[WORK ITEM]: Your task is to copy the lines of the data below from the line holding "Przedszkole Samorządowe w" through the line holding "Alter naivt. Omtale", inclusive, exactly and with nothing added.

[DATA]:
==================================================

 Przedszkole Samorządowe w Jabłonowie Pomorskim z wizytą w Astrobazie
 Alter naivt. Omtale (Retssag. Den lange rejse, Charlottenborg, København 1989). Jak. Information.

==================================================

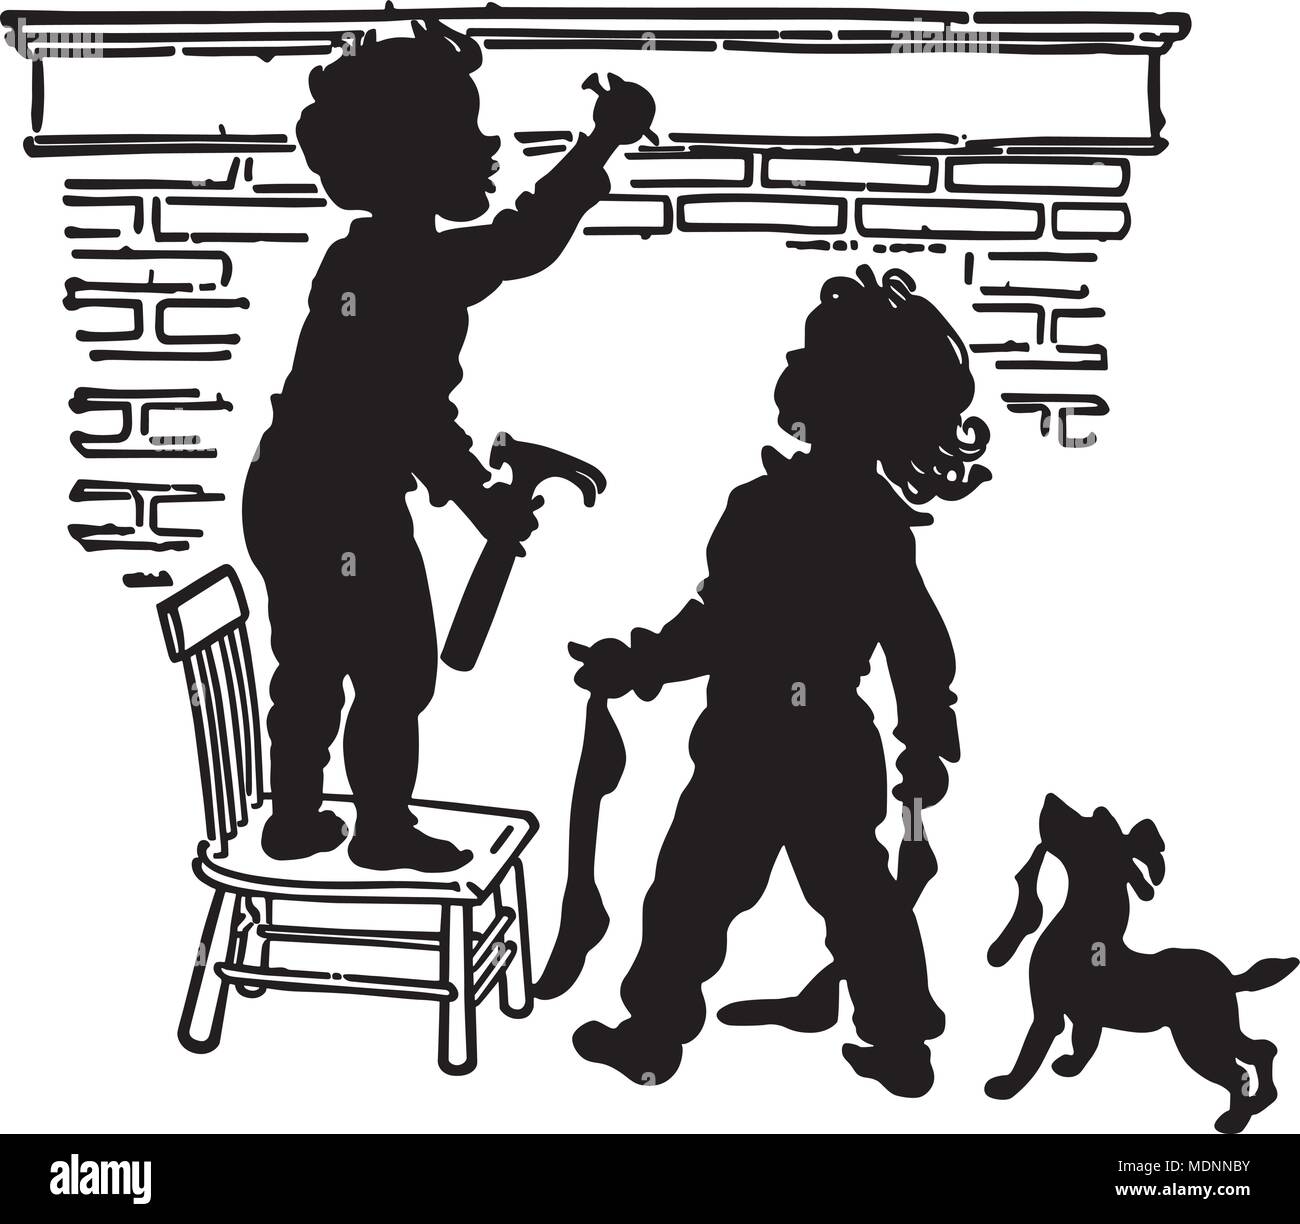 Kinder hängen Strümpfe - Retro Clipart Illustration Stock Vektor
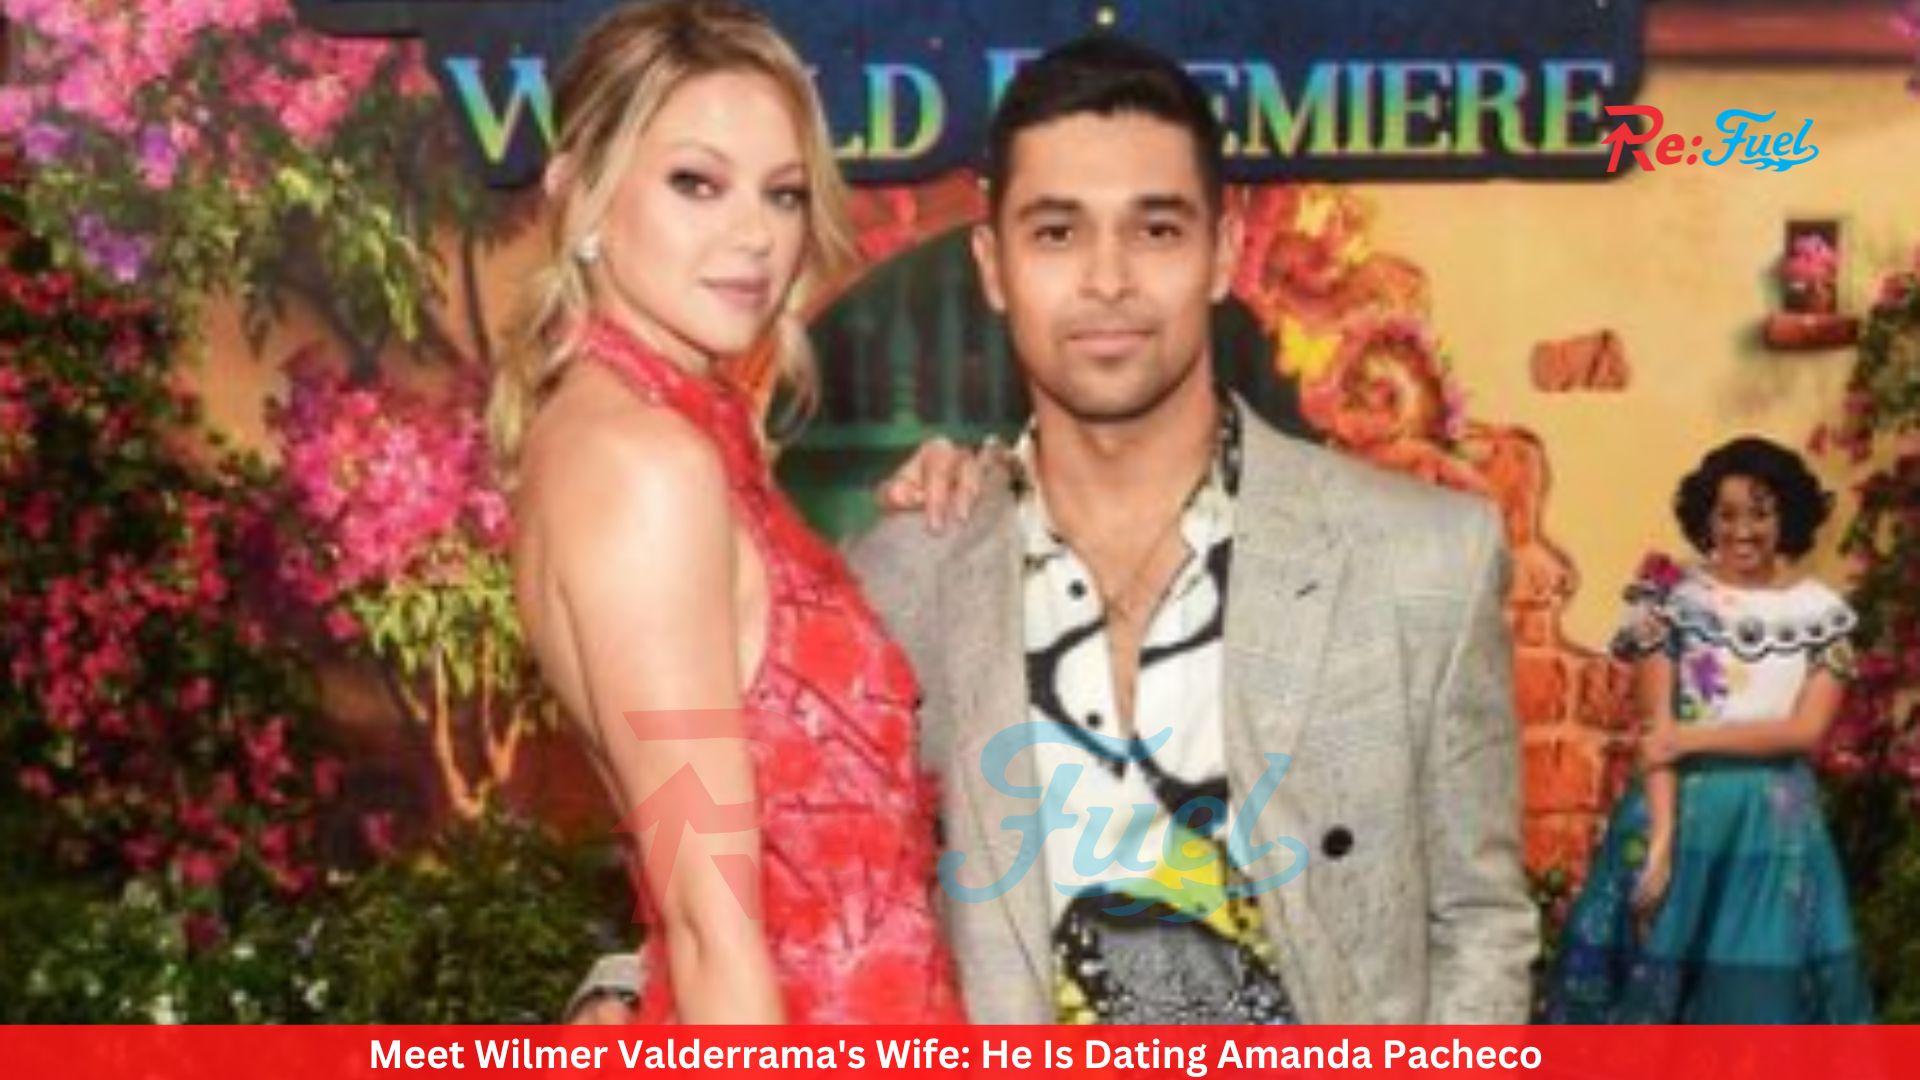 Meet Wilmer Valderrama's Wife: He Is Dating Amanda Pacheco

==================================================

[SOLVED EXERCISE]:
 Przedszkole Samorządowe w Jabłonowie Pomorskim z wizytą w Astrobazie
 Alter naivt. Omtale (Retssag. Den lange rejse, Charlottenborg, København 1989). Jak. Information.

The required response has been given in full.